Сперва действия этого полка не были удачны, он нёс потери и не продвигался вперёд, и Горишньй сердился на его командира и говорил, что полк недостаточно подготовлен к наступательным боям в сложных городских условиях.
- Вечная беда: передадут в последнюю минуту полк - и отвечай за него, - сказал: Горишному его начальник штаба.
Горишный - высокий, полнотелый человек с протяжным украинским выговором, спокойный и медлительный, снедаемый тоской по пропавшим без вести родным, - в этот же день говорил начальнику штаба:
- Разве с полком на эту высоту вот так лезть, тут не полком, а корпусом не прорвать, такое пекло.
А в трубе, где размещался штаб Родимцева, начальник штаба Бельский сказал: своему командиру:
- Потери большие в полку у Горишного, и с артиллерией взаимодействия не наладил.
Но в штабах обеих дивизий не знали, что именно в эту минуту полк под ураганным огнём поднялся в атаку и вырвался на гребень высоты 102.
В ту пору мало кого занимал вопрос о подчинённых или переподчинённых подразделениях и какими подразделениями, переподчинёнными или подчинёнными, был достигнут успех.
Да и сам спор честолюбии занимал ничтожное место в вскипавшем по нескольку раз в сутки огромном котле Сталинградской битвы.
Этот котёл поглощал все душевные силы командиров дивизий и полков, всю их волю, всё их время, весь их разум, а часто и жизнь.
И лишь потом, в конце ноября - в начале декабря, когда всепоглощающее напряжение душевных сил несколько прошло, стали за обедом и ужином судить да рядить, кому досталось больше немецкого железа и огня, чей рубеж был важней, кто отступил на метр, а кто не отступил ни на метр, чей отрезанный "пятачок" был меньше, гороховский или людниковский, кому и на какой срок был переподчинён или подчинён тот или иной полк, батальон.
Вспоминали и о первых атаках на высоту 102 и заспорили, кто в сентябре занял знаменитый курган.
В родимцевской дивизии справедливо считали, что успех достался родимцевскому полку.
Соседи резонно считали, что высоту 102 заняла дивизия Горишного, которой в этот час был переподчинён полк 13-й гвардейской дивизии.
Но тем, кто занял Мамаев Курган, и без спора было ясно, они-то и заняли, ведь, кроме них, и не было никого на гребне высоты. Молчали мёртвые, а их было немало, и каждый из них мог бы сказать слово в этом споре. Но спорщики делили славу между живыми.
Часто, особенно после войны, приходилось слышать ещё один спор участников Сталинградского сражения. Те, кто был в Сталинграде, утверждали, что главный успех обороны достигнут сталинградской штурмовой пехотой, гранатомётчиками, пулемётчиками, снайперами, сапёрами и миномётчиками. Артиллерия, конечно, поддерживала их, говорили они, но случалось, запаздывала, била не всегда точно, а иногда даже накрывала своих, не она решила исход обороны.

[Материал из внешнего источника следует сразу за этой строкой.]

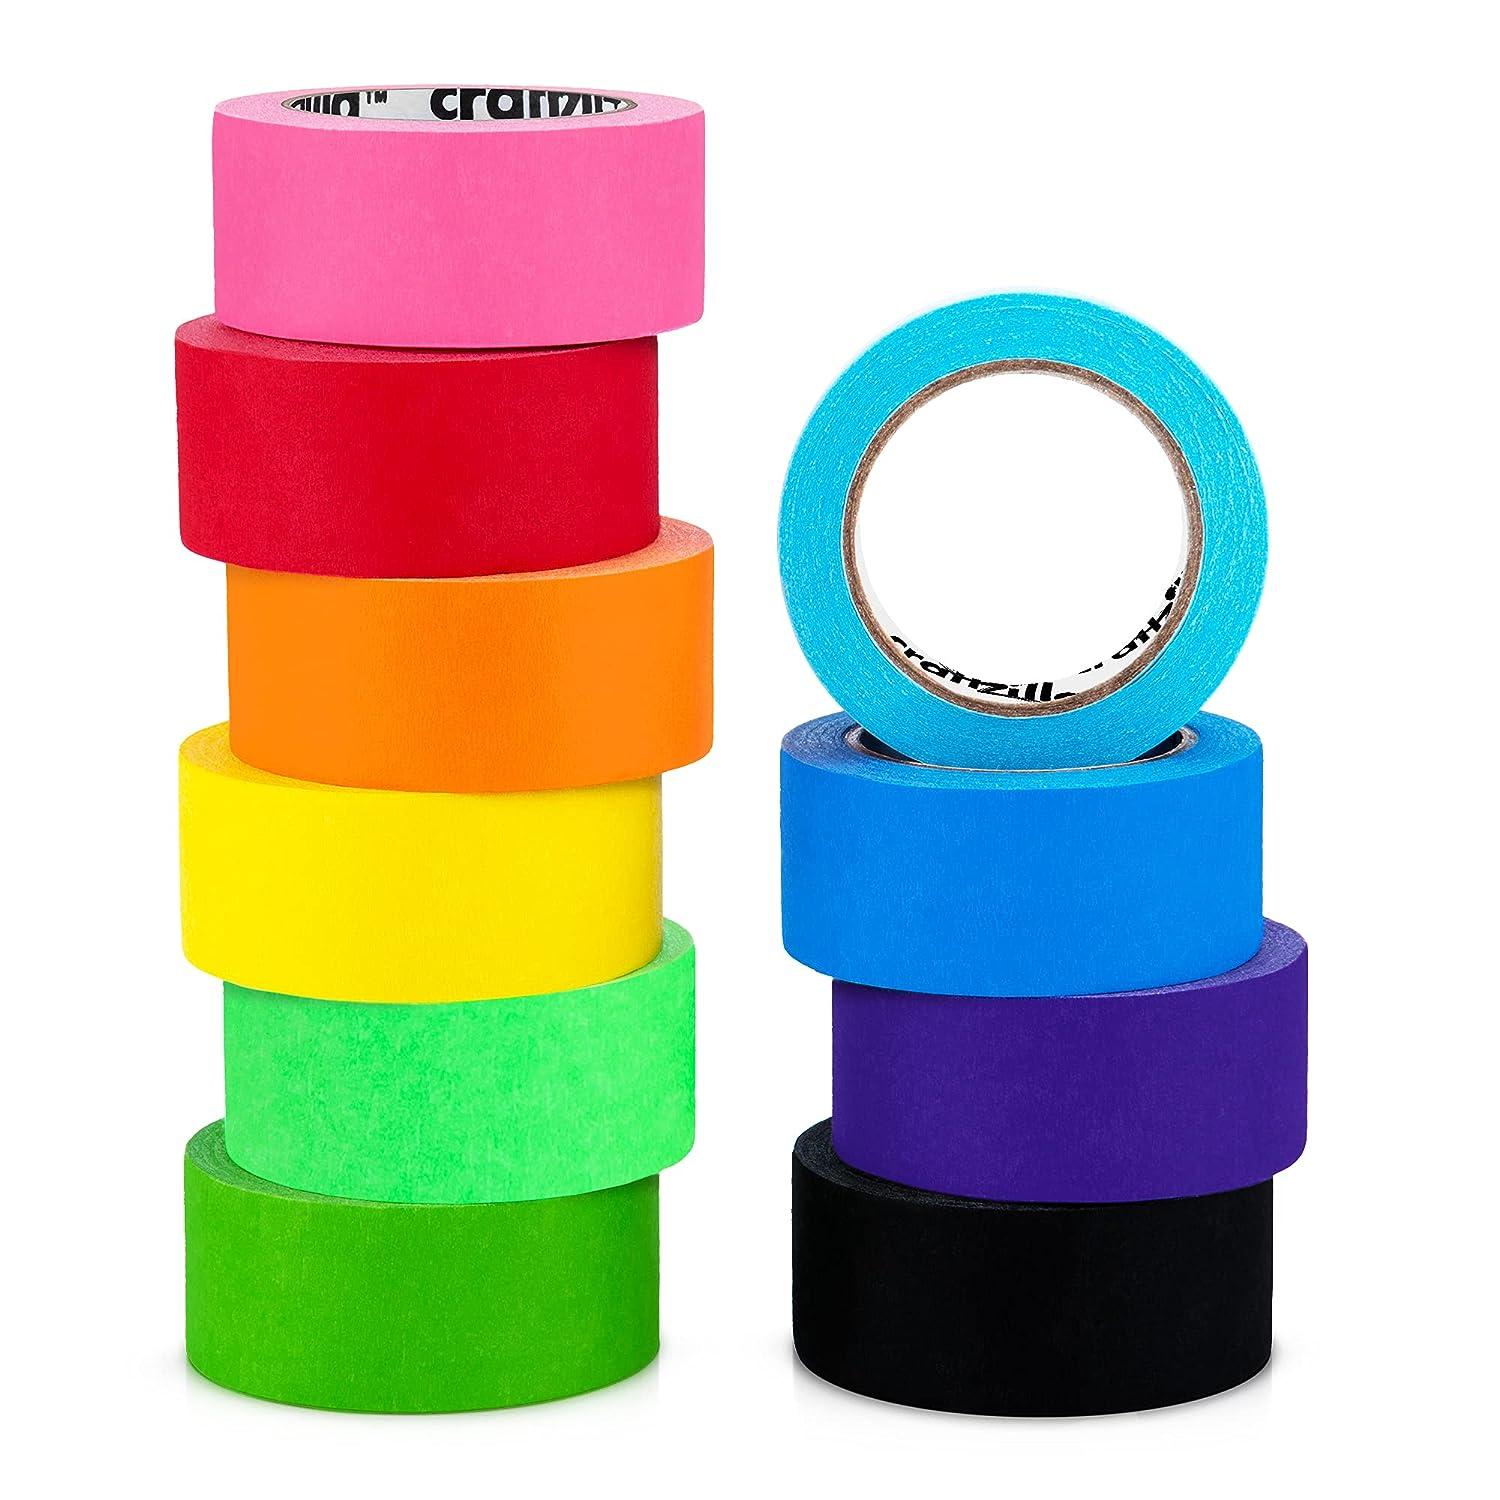  Craftzilla Colored Masking Tape - 11 Rolls, 55 yd x 1 in Each  Tape - 1,815 Feet x 1 Inch of Colorful Craft Tape - Vibrant Rainbow Color  Teacher Tape –

Те, кто был в Заволжье, утверждали, что пехота при всём своём мужестве не смогла бы отбить чудовищный натиск главных сил немецкой армии, что особенно к концу обороны пехота истощилась и лишь обозначала передний край, а натиск фашистских дивизий был остановлен и отбит мощью организованной артиллерии.
Волга, лёгшая между пехотой Сталинграда и артиллерией Заволжья, Волга, отделившая резкой и глубокой чертой пехоту от пушек, создала мнимую значительность этого спора. Он возникал и на других этапах войны, но там отсутствие резкой черты не давало возможности прочно обосновать его. Здесь, по одну сторону широкой реки, находилась пехота, снайперы, автоматчики, петееровцы, лёгкая полковая артиллерия, батальонные и ротные миномёты, сапёры с минами и толом; по другую сторону реки находились сотни дивизионных пушек, гаубицы, тяжёлая и тяжелейшая артиллерия резерва Главного Командования, дивизионы и полки тяжёлых миномётов, полки сокрушительной реактивной артиллерии.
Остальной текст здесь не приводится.